WHAT IS BEING ASKED | Please transcribe the lines below exactly, and leave every image behind.
==== MATERIAL PROVIDED ====
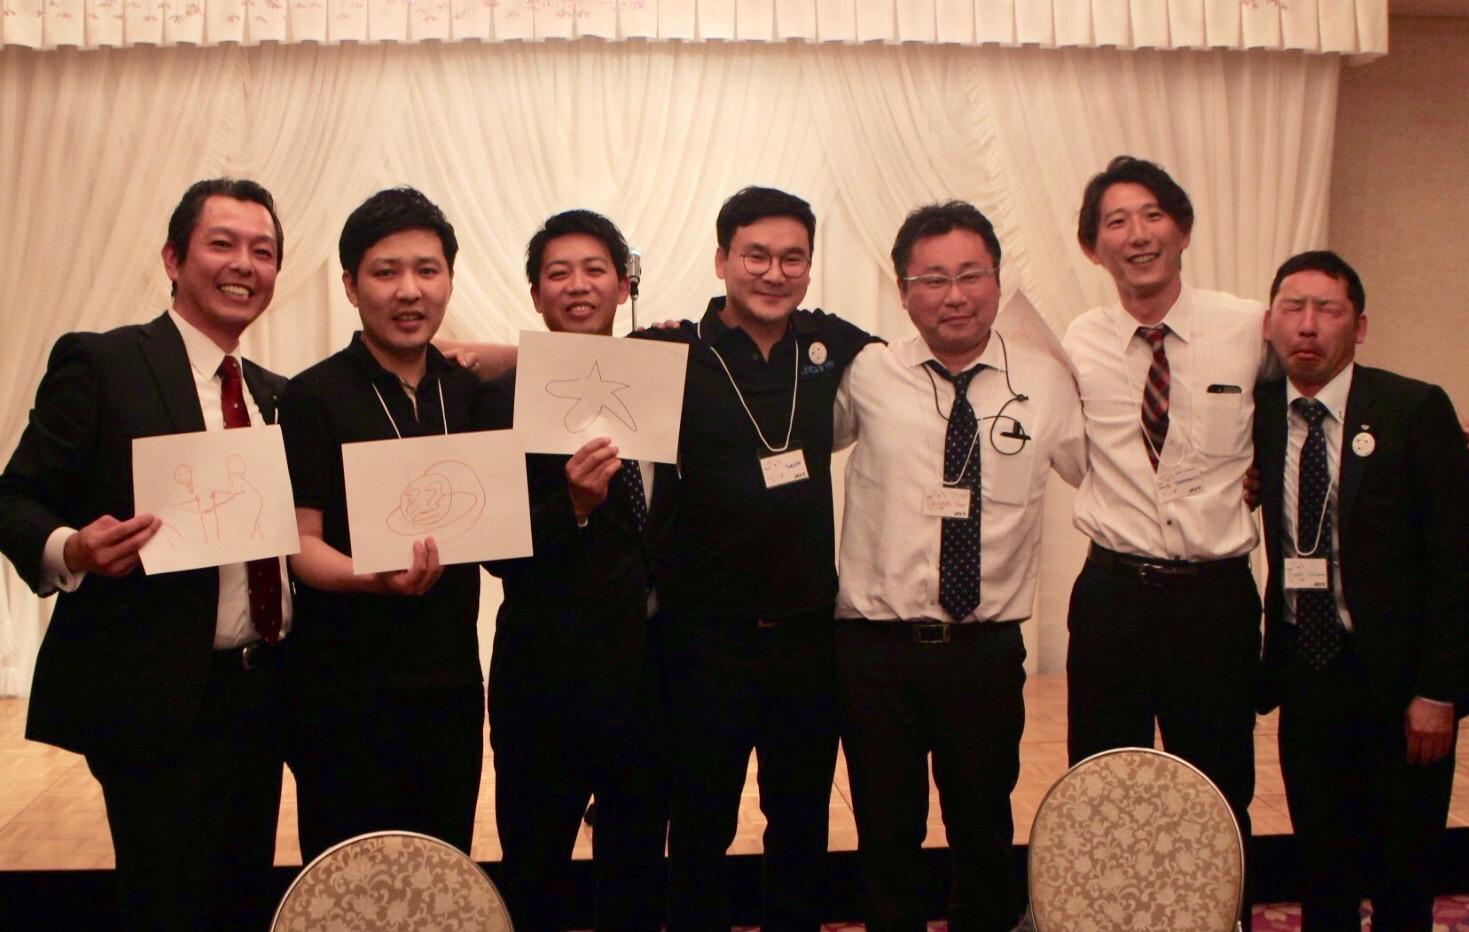 釜山・福岡・下関JC TRIO ビジネス交流 ウェルカムパーティのサムネイル画像5
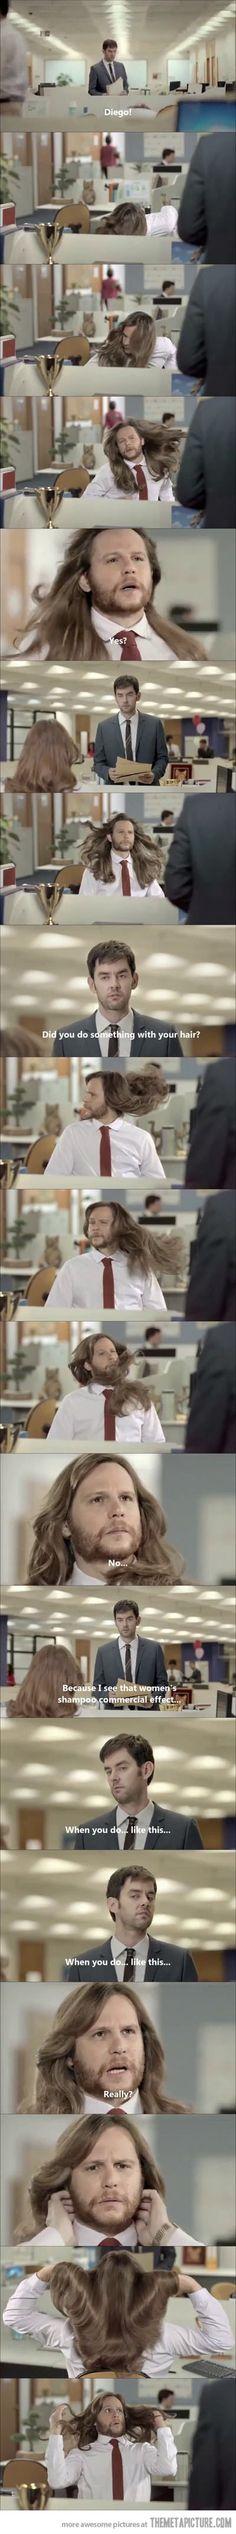 When men use women's shampoo…
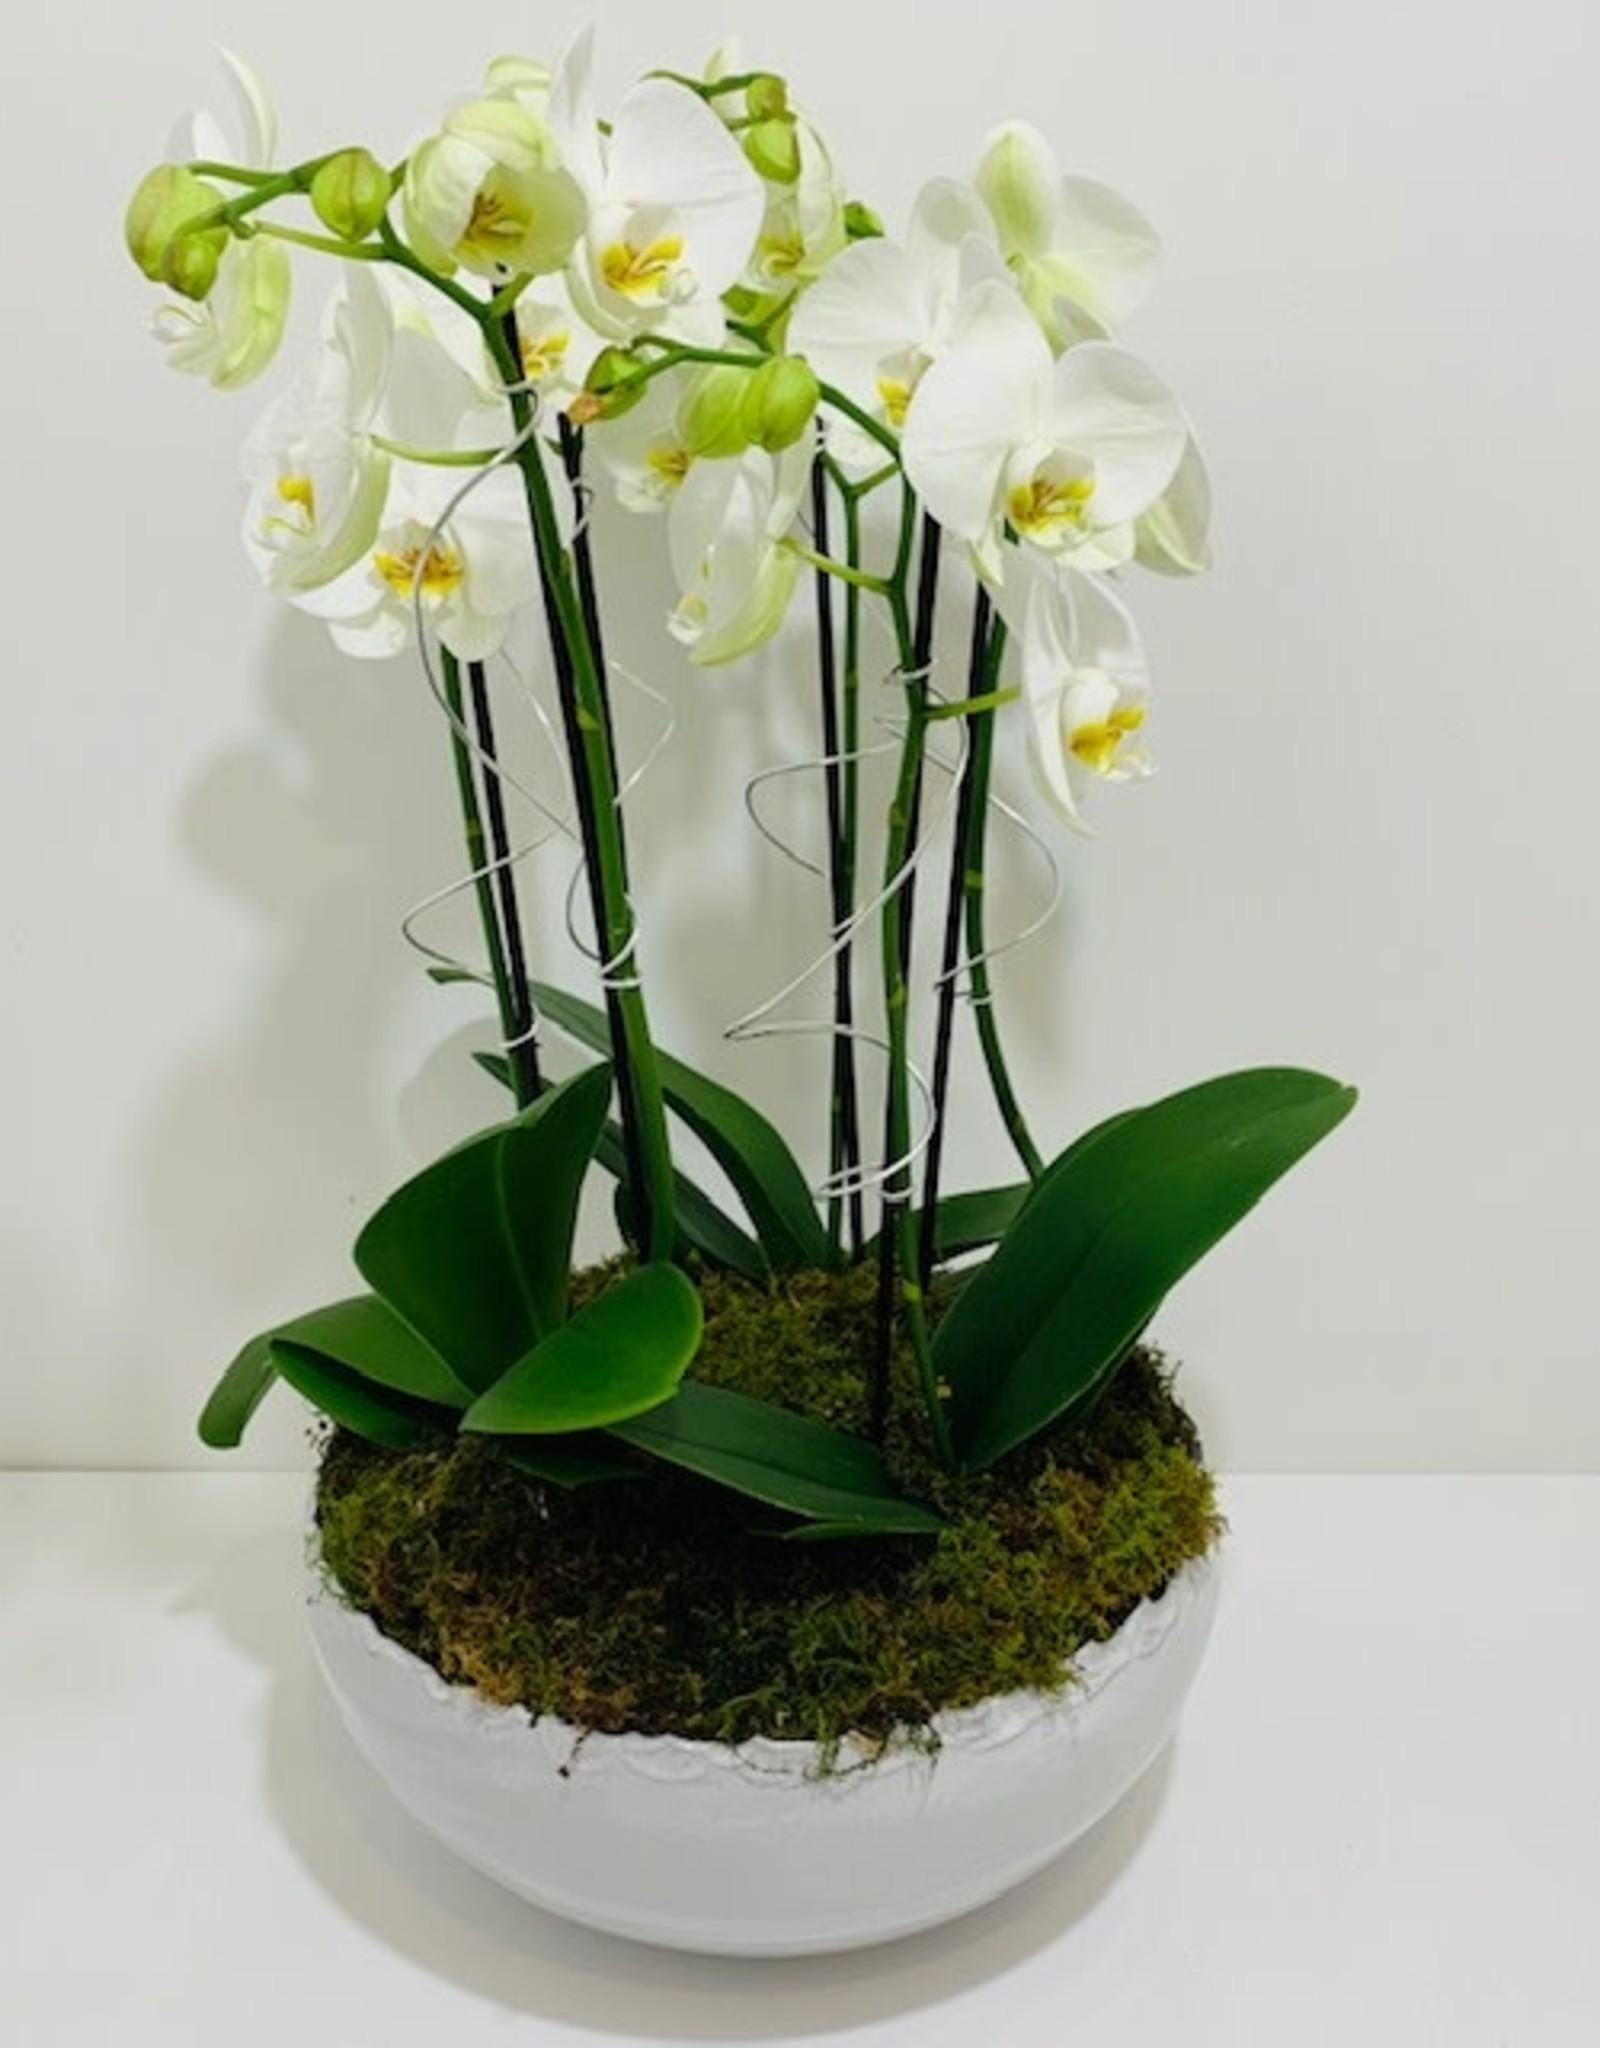 Orchid Arrangement in White Ceramic Bowl
====
WRITTEN SOLUTION |
 釜山・福岡・下関JC TRIO ビジネス交流 ウェルカムパーティのサムネイル画像5
 When men use women's shampoo…
 Orchid Arrangement in White Ceramic Bowl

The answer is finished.